Forecast Sports Outcomes under Efficient Market Hypothesis: Theoretical and Experimental Analysis of Odds-Only and Generalised Linear Models
Goto, Kaito, Takeishi, Naoya, Yairi, Takehisa
Converting betting odds into accurate outcome probabilities is a fundamental challenge in order to use betting odds as a benchmark for sports forecasting and market efficiency analysis. In this study, we propose two methods to overcome the limitations of existing conversion methods. Firstly, we propose an odds-only method to convert betting odds to probabilities without using historical data for model fitting. While existing odds-only methods, such as Multiplicative, Shin, and Power exist, they do not adjust for biases or relationships we found in our betting odds dataset, which consists of 90014 football matches across five different bookmakers. To overcome these limitations, our proposed Odds-Only-Equal-Profitability-Confidence (OO-EPC) method aligns with the bookmakers' pricing objectives of having equal confidence in profitability for each outcome.

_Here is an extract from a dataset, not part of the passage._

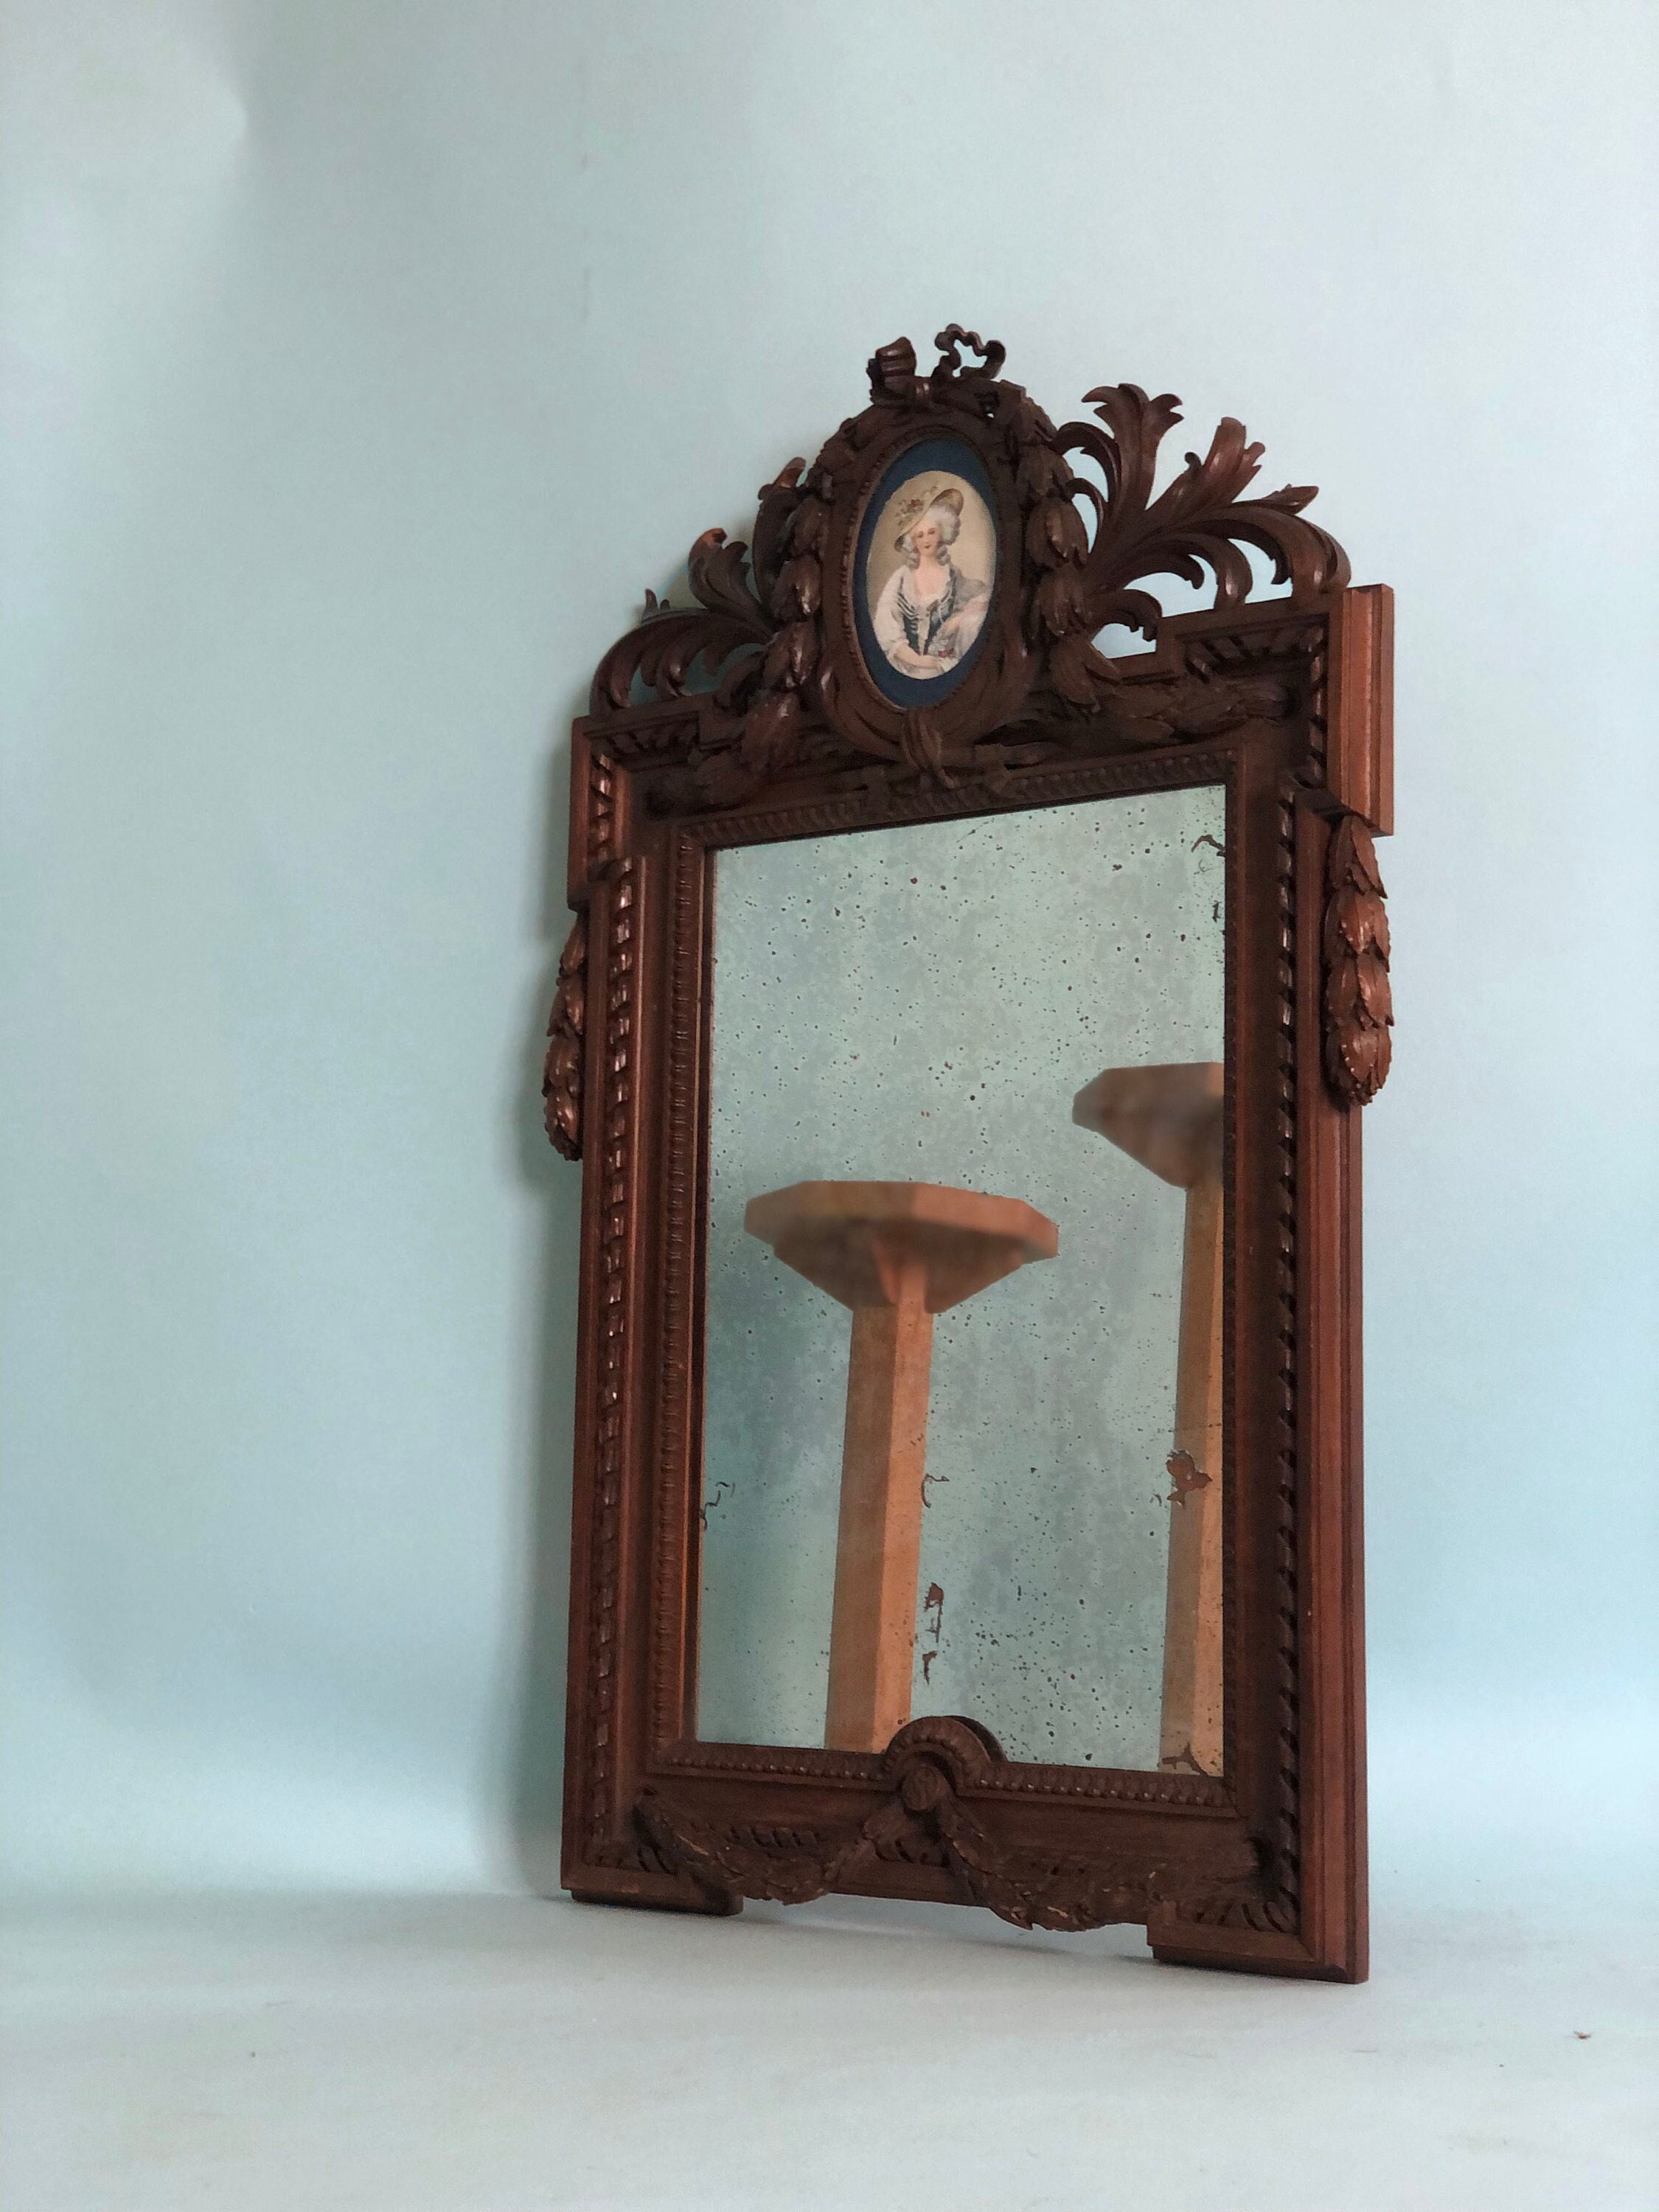 EGHOME Antiqued Gold Ornate Mirror … curated on LTK

We provide empirical evidence from our betting odds dataset that, for the majority of bookmakers, our proposed OO-EPC method outperforms the existing odds-only methods. Beyond controlled experiments, we applied the OO-EPC method under real-world uncertainty by using it for six iterations of an annual basketball outcome forecasting competition. Secondly, we propose a generalised linear model that utilises historical data for model fitting and then converts betting odds to probabilities. Existing generalised linear models attempt to capture relationships that the Efficient Market Hypothesis already captures. To overcome this shortcoming, our proposed Favourite-Longshot-Bias-Adjusted Generalised Linear Model (FL-GLM) fits just one parameter to capture the favourite-longshot bias, providing a more interpretable alternative. We provide empirical evidence from historical football matches where, for all bookmakers, our proposed FL-GLM outperforms the existing multinomial and logistic generalised linear models.